◆ **WHAT IS BEING ASKED**: Reproduce the listing below in full and exactly; no pictures belong in the copy.
*** Opening of DATASET EXTRACT ***
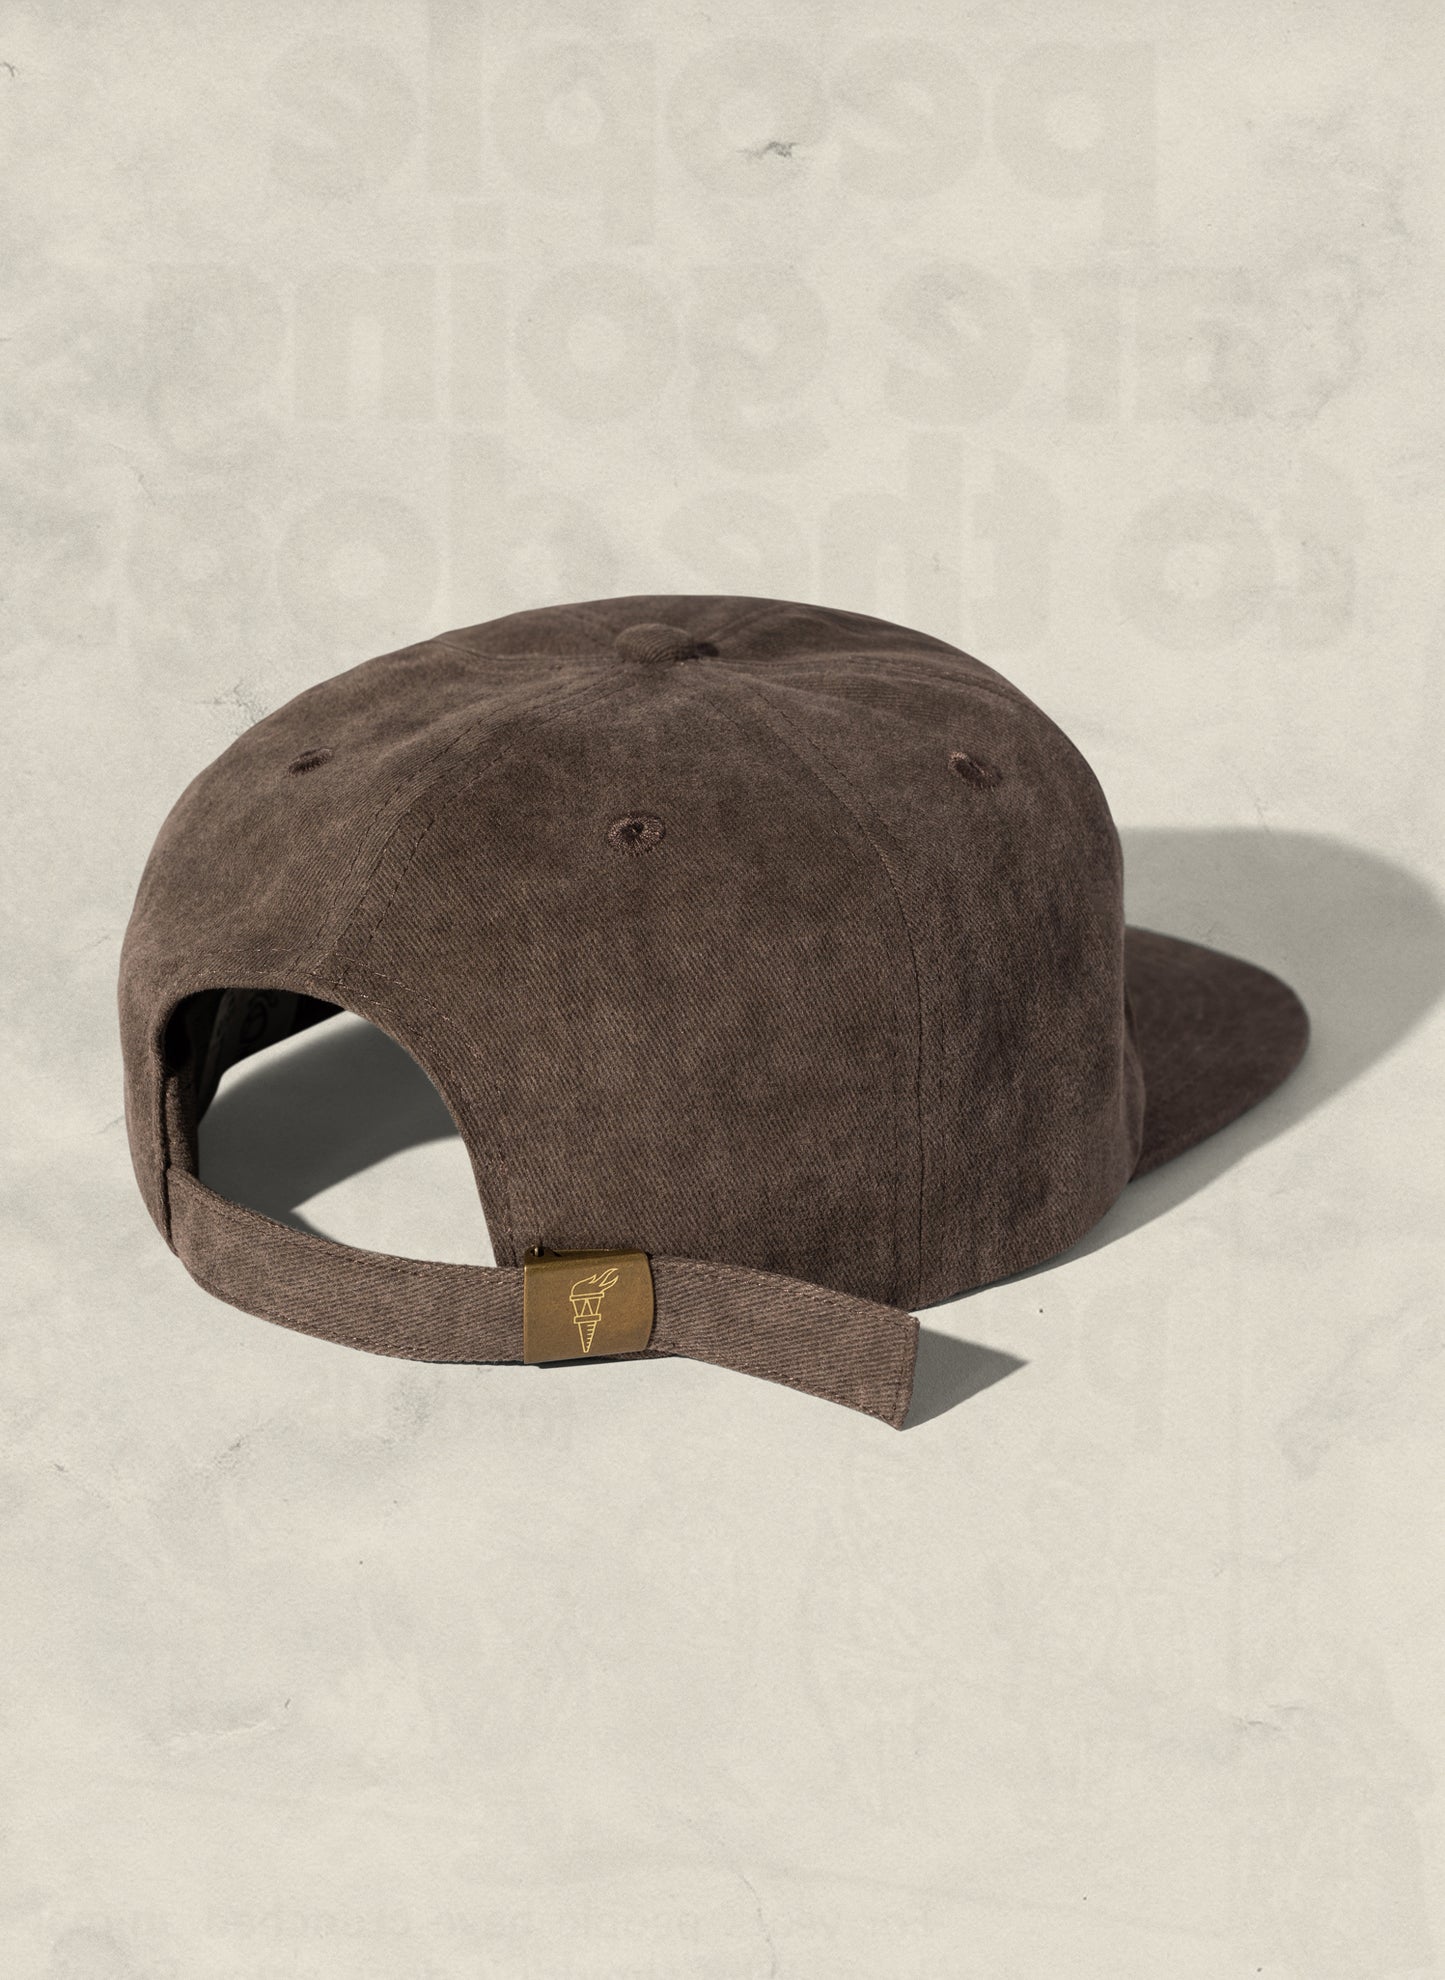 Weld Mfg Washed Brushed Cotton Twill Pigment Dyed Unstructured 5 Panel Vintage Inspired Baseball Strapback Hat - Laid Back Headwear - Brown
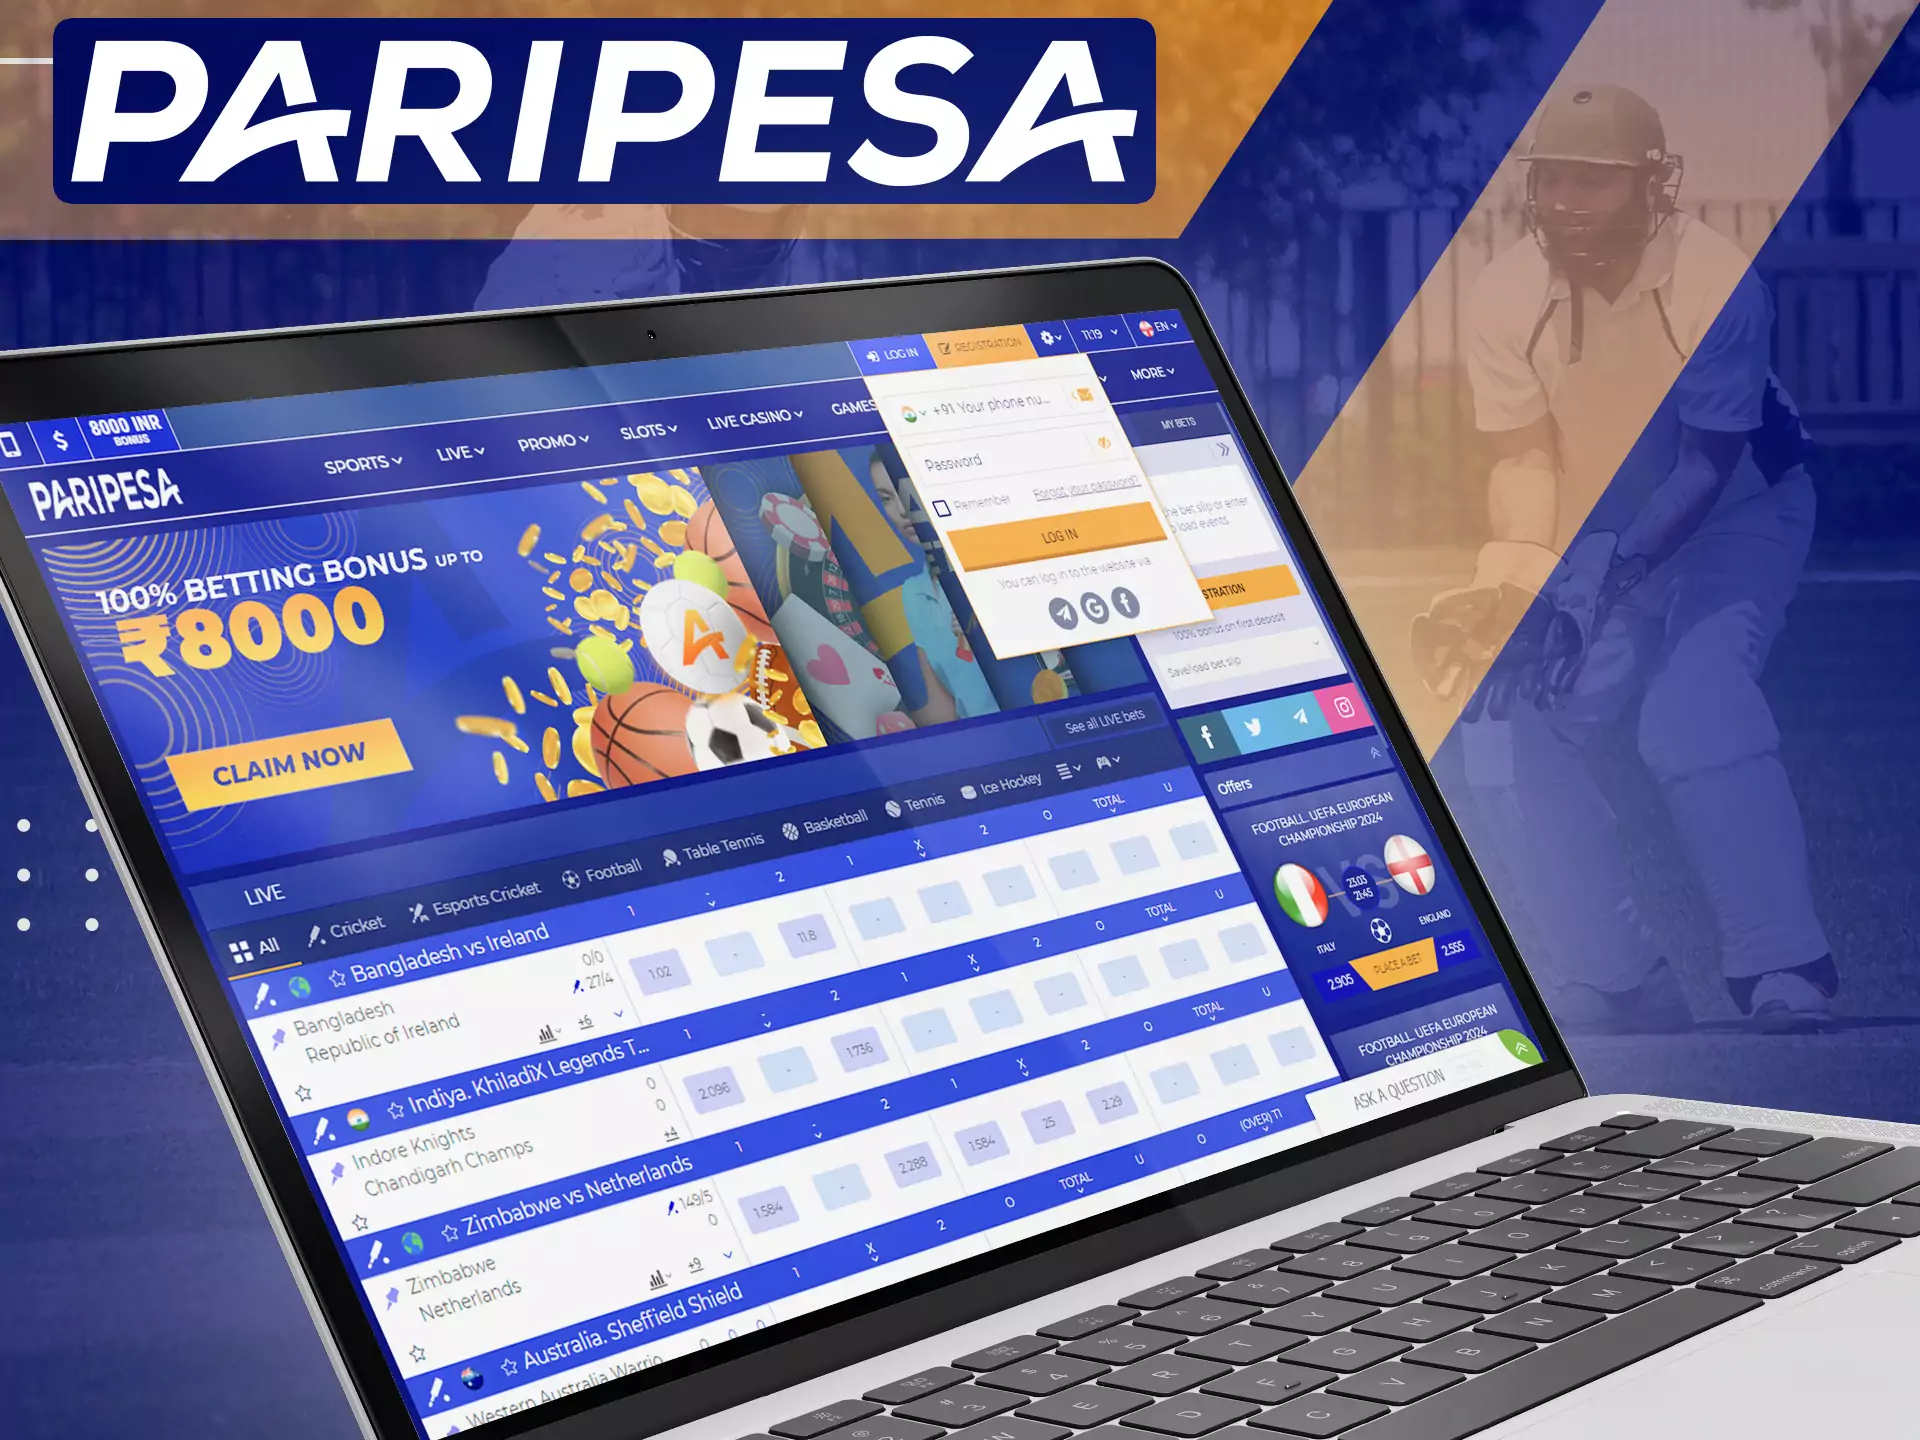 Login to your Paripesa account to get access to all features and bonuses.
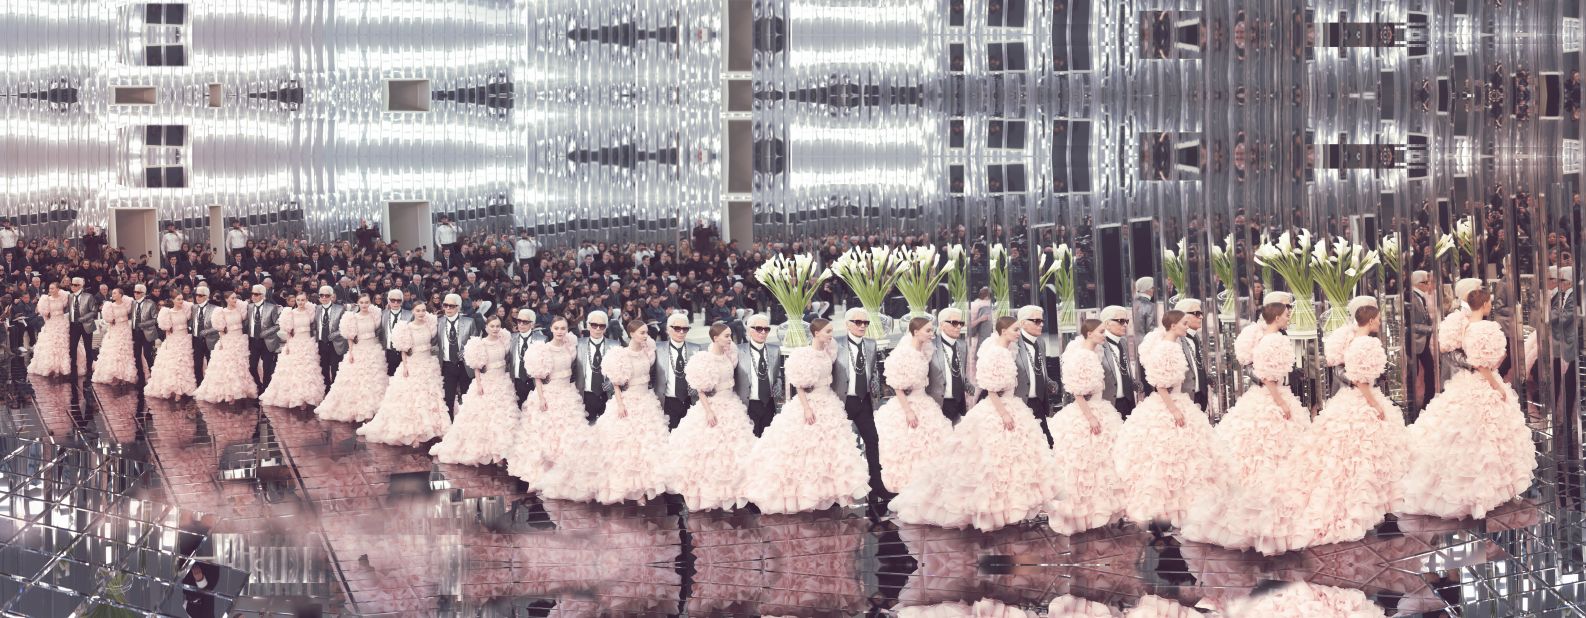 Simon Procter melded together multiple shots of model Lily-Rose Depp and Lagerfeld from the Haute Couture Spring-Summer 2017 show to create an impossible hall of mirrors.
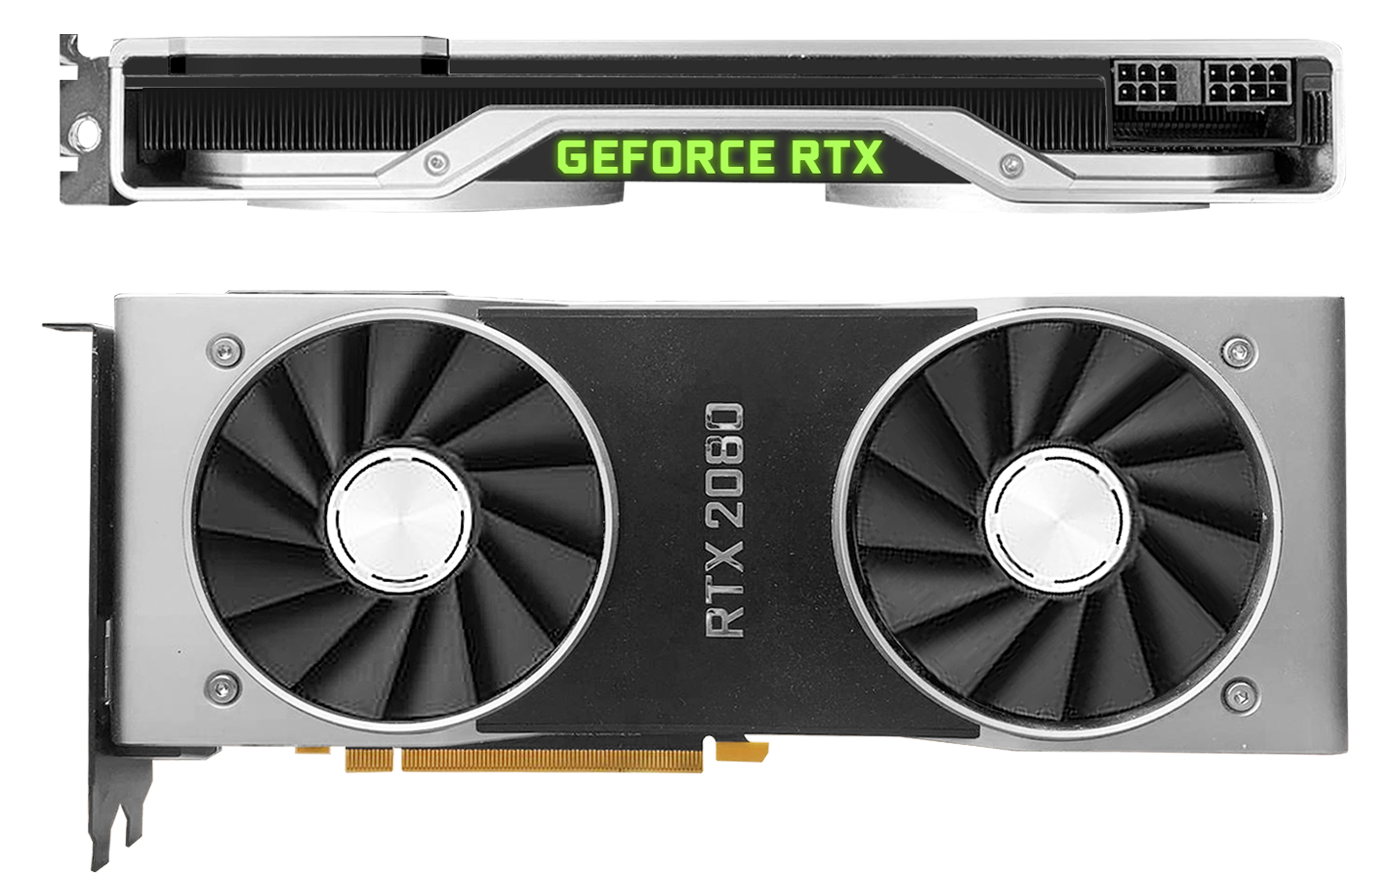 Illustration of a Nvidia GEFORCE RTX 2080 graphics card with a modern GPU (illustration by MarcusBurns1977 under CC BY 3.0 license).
*** Close of DATASET EXTRACT ***
◆ **ANSWER SECTION**:
 Weld Mfg Washed Brushed Cotton Twill Pigment Dyed Unstructured 5 Panel Vintage Inspired Baseball Strapback Hat - Laid Back Headwear - Brown
 Login to your Paripesa account to get access to all features and bonuses.
 Simon Procter melded together multiple shots of model Lily-Rose Depp and Lagerfeld from the Haute Couture Spring-Summer 2017 show to create an impossible hall of mirrors.
 Illustration of a Nvidia GEFORCE RTX 2080 graphics card with a modern GPU (illustration by MarcusBurns1977 under CC BY 3.0 license).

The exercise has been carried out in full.